Стихотворение «Немец» поражало читателя жестокостью картины: фашист без тени жалости убивает русскую девушку-подростка в её же избе и потом садится за стол обедать, а насытившись, заваливается спать:
И до утра не спит Россия,
И до утра бойцы не спят,
И жадно вглядываясь в темень,
Они ведут свой счет обид,
И не один уж мёртвый немец
В земле окаменелой спит.
Но говорят бойцы друг другу,
Что немец тот – ещё живой…
Публицистика Эренбурга звала красноармейцев в наступление. В очерке «Харьков, Орёл, Старая Русса» (Красная звезда, 25 марта 1942 года) он писал: «Мы знали эти города свободными и красивыми, многолюдными и трудолюбивыми. Немцы превратили их в мрачные кладбища, в место пыток, в ад, где томятся бледные тени живых существ… Мы видим Орёл – родной русский город. Не звенят уже больше песни над Окой и Орликом! Словно нищие, бродят по задворкам ограбленные жители.
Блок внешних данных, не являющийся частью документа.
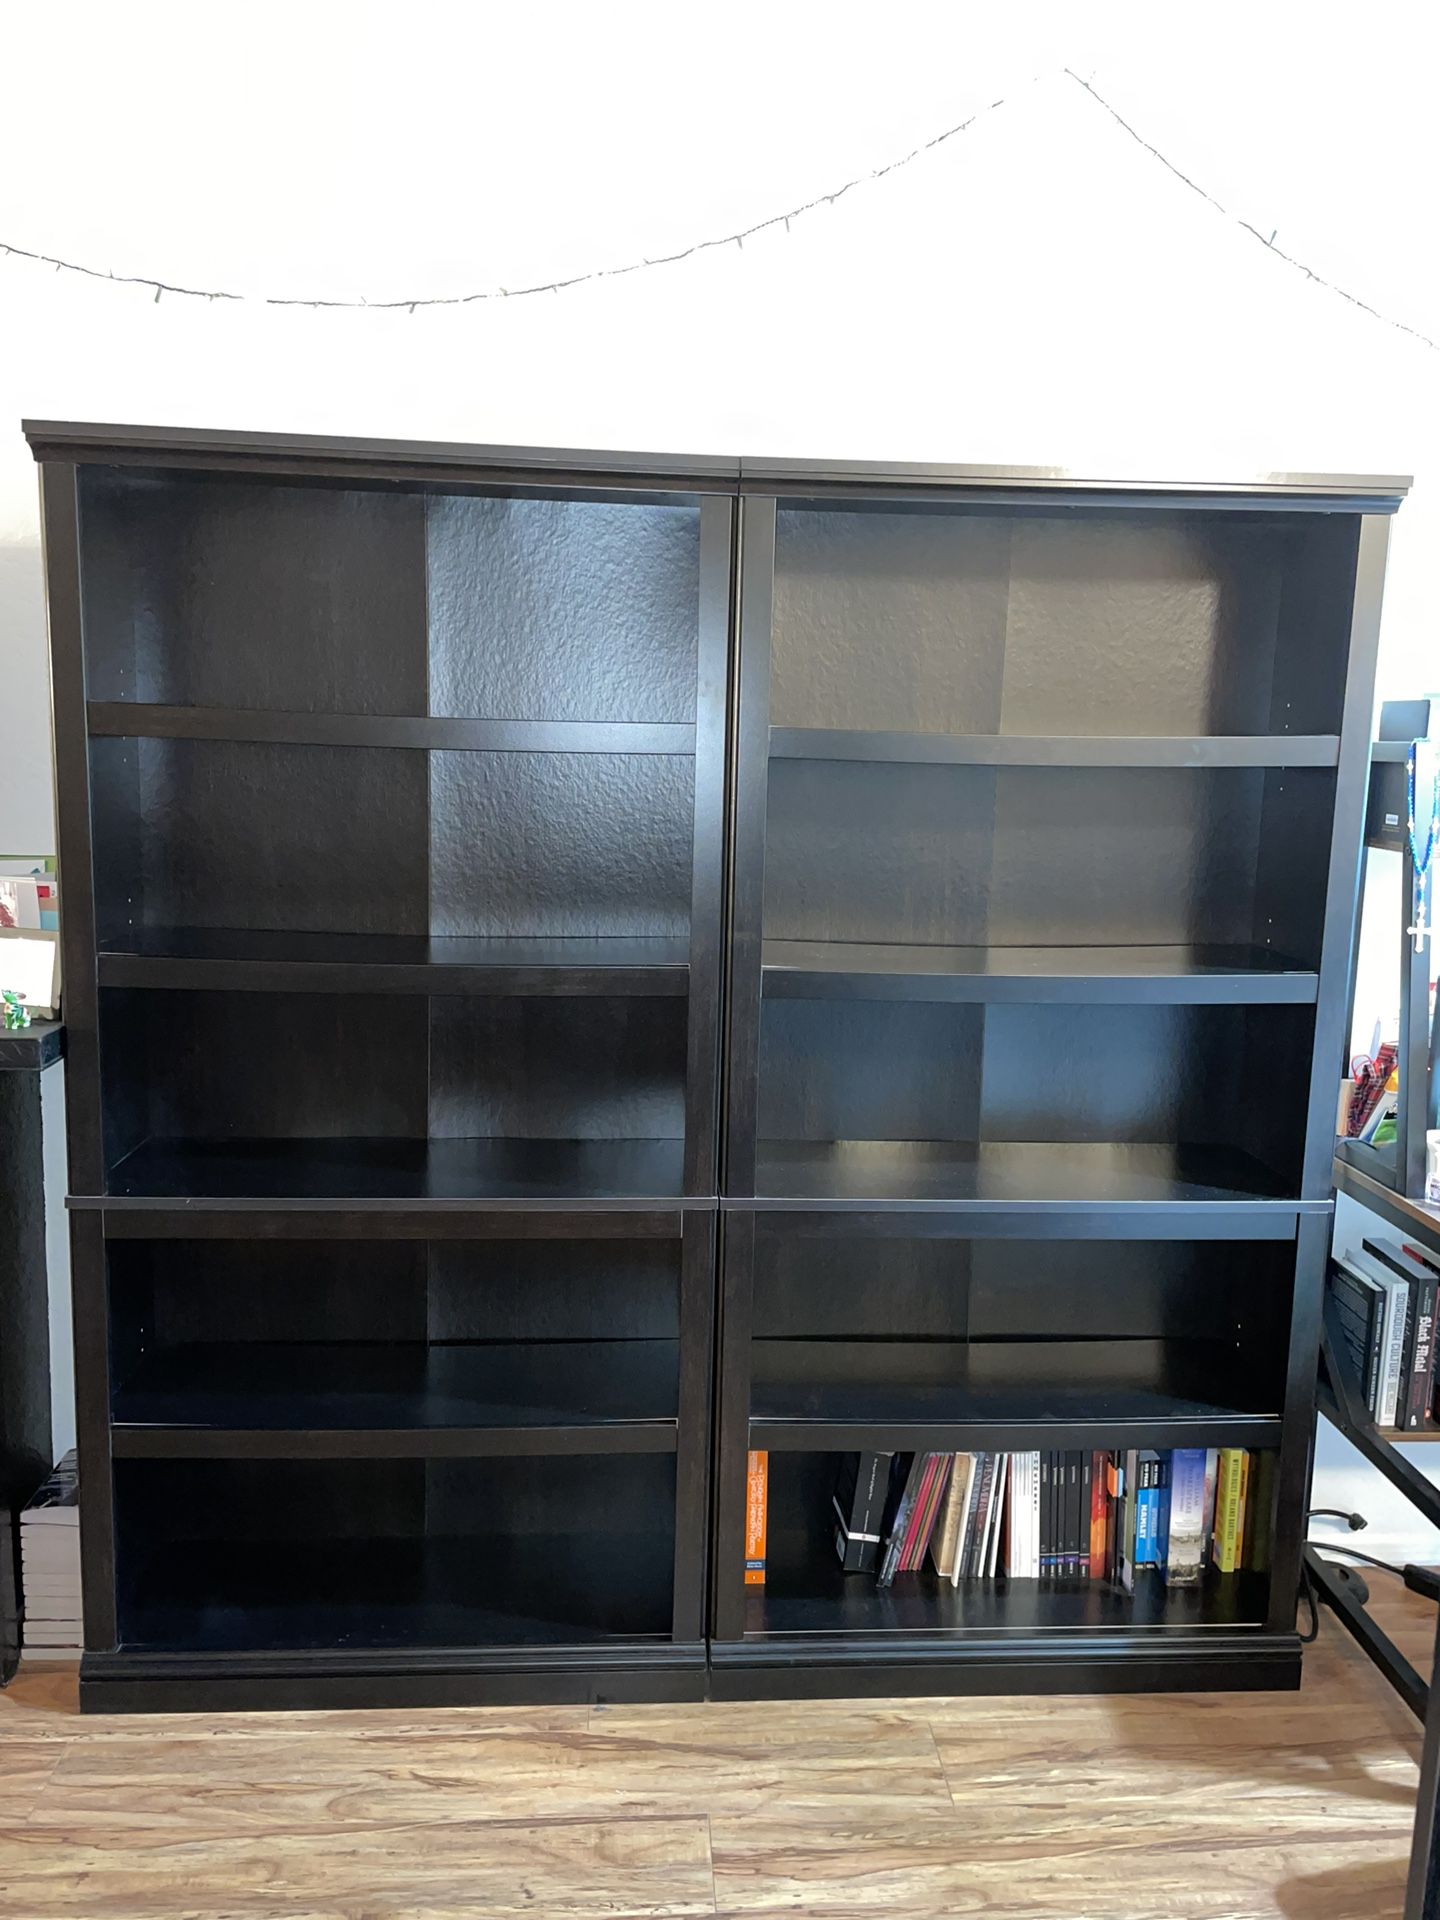 5x Bookshelves (If you only want 1 or 2 or etc., that’s fine too!)

Голодные дети и старики роются на свалках в поисках объедков. Гремят залпы – это фашисты расстреливают свои жертвы. Пьяные солдаты волокут полураздетых, истерзанных женщин в вертепы. В полицейских камерах свистят резиновые дубинки».
8 апреля 1942 года газета Брянского фронта «На разгром врага» опубликовала обращение Эренбурга: «Друг боец, русские города перед тобой: Мценск и Карачев, Брянск и Трубчевск. Там плачут русские женщины: ждут тебя – освободителя… Друг боец, откуда бы ты ни был, ты защищаешь свой город, свое село, свой дом. Освободи Мценск, чтобы немец не грозил Казани. Освободи Орёл, чтобы люди спокойно спали в Сибири. Весной кипит сердце. Весна – время молодости. За жизнь, за свободу, за Родину – на немцев!»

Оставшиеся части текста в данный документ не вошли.